June 13, 2011 at 9:14 am
(9) VIPUL CHAVDA says:

Mention of “Prevention” / Life style modification. “Trying” & encouraging exercise therapy is the key in joint healthcare.

Unfortunately importance of Diet, weight loss, Exercise Therapy & need to preserve what god has created is rapidly vanishing.

When one talks about “Awareness”, there is no mention of Rehabilitation at equal level to “REPLACEMENT SURGERY”?

The KEY is a correct choice of “CLINICAL CASE”.

The choice of Replacement should be when conservative management has failed. (Sincere approach to weight loss, Sincere rehabilitation)

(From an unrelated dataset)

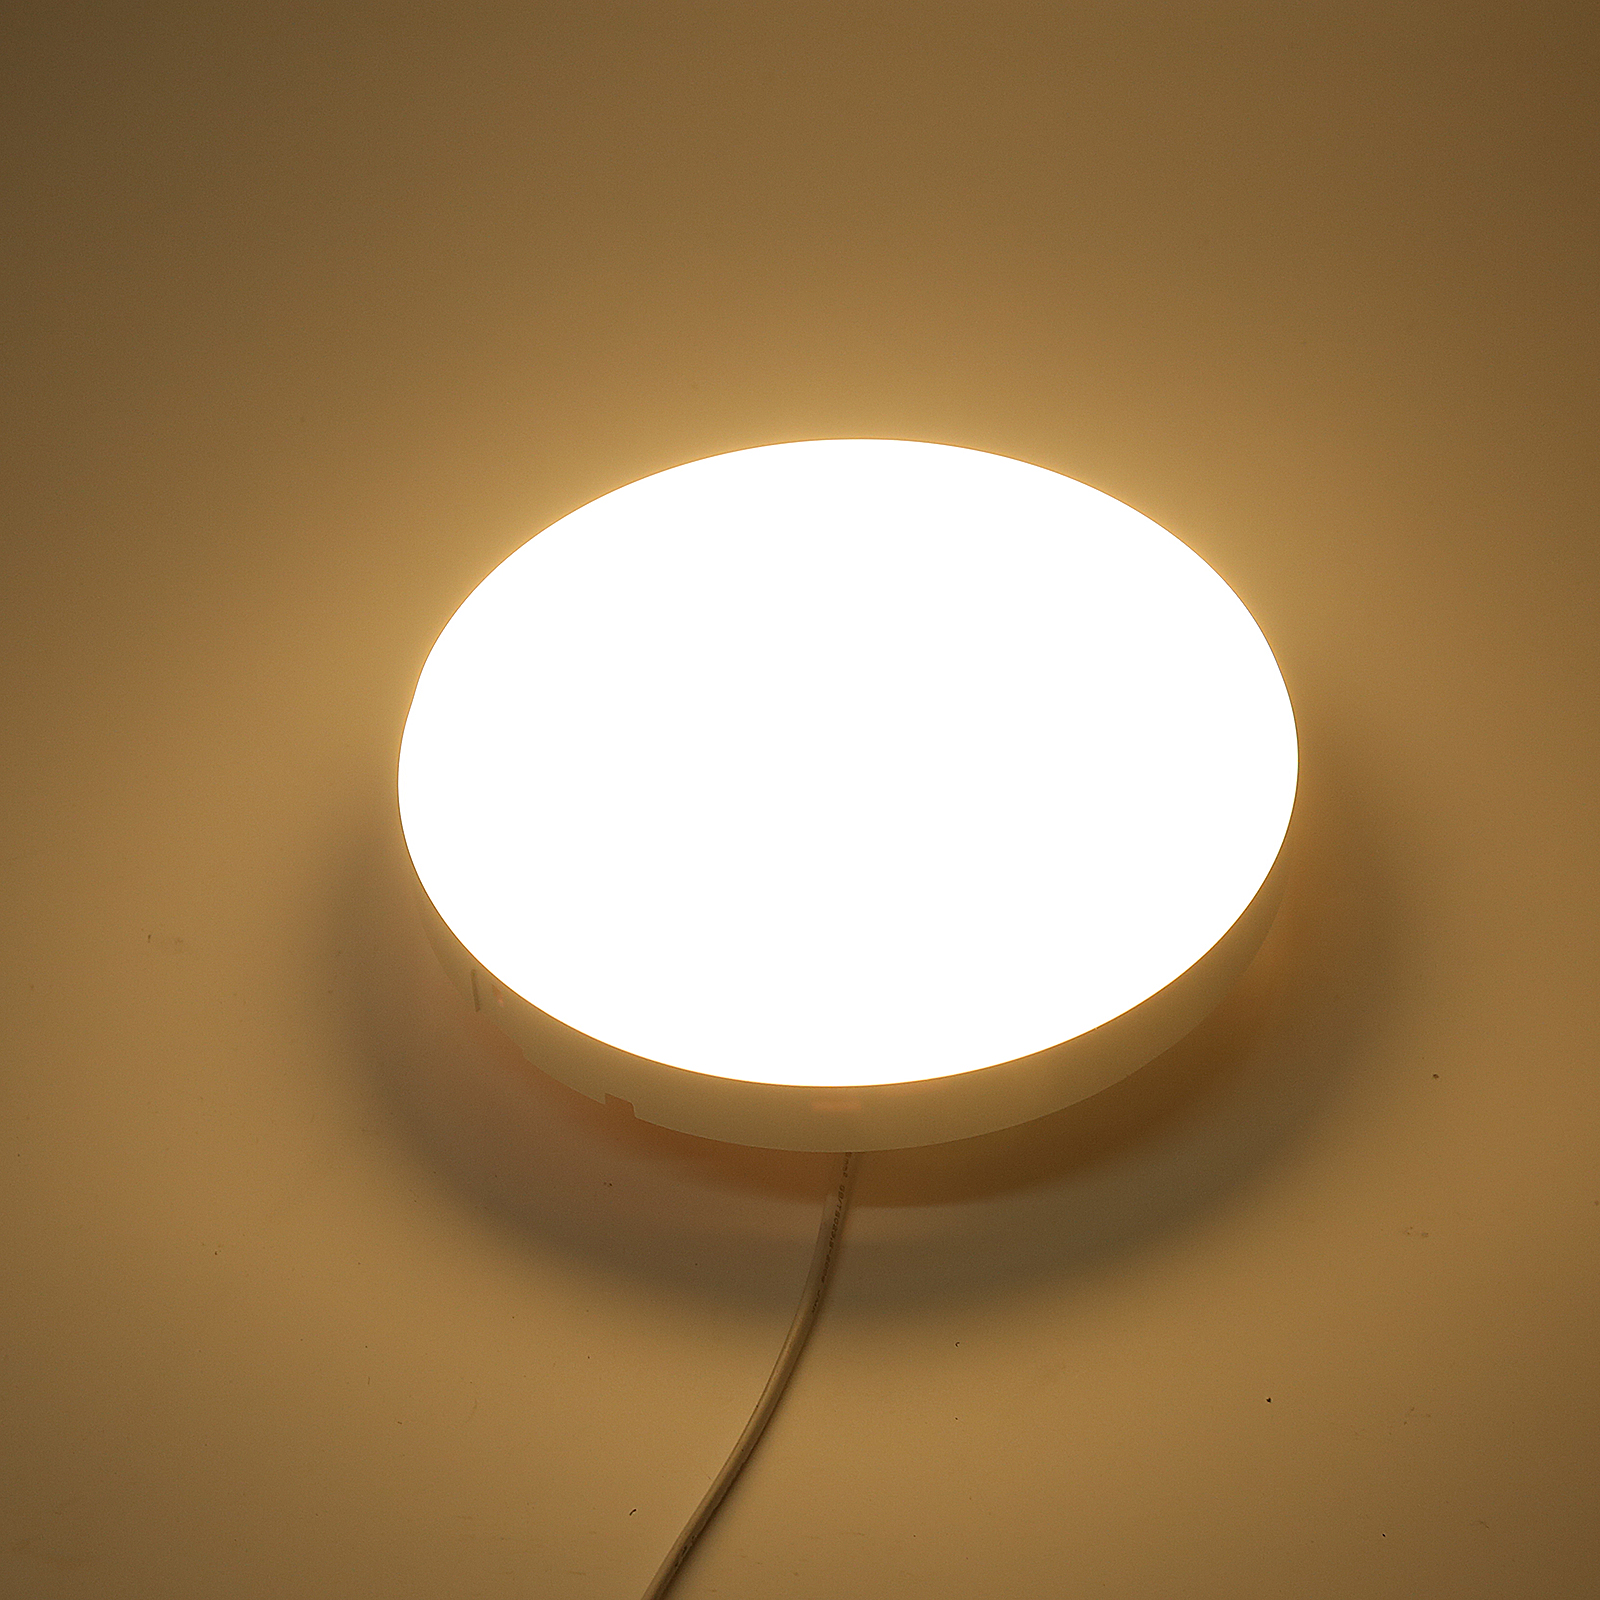 Find Elfeland 24W AC 160 265V LED Ceiling Lamp 3000K Warm White IP54 Waterproof with 32Pcs 2835 Lamp Beads for Sale on Gipsybee.com with cryptocurrencies

Replacements surgeries are boon to patients who genuinely need it. But at times people get tempted like they would for a new car!!!! Long term results are very good if one follows
1. Weight management
2. Unloads the joint
3. Avoids active sports (high Impact)

January 11, 2013 at 1:59 pm
(10) Rto82 says:

This is for JaNell. You said you’ve had TKR on both knees & you’re 35. I’m 37 & looking @ TKR on my right knee now & prob in 5 years or so on my left. I’ve had lateral release, medial reefing, partial menisectomy & micro fracture on both knees. It has not worked. I have valgus knee which won’t be corrected until TKR. I’m just curious why you had to have TKR so young.

March 16, 2013 at 8:31 pm
(11) Krs1450 says:

I’m 37 and getting my left knee replaced next month, and the right one probably in the fall. I have valgus knees that are steadily getting worse & there is no other option. I have had 3 knee surgeries, countless injections, therapy and medication. I’m not overweight & I am an active person, although limited by my deformity. I am nervous about the surgeries, but so looking forward to the final outcome!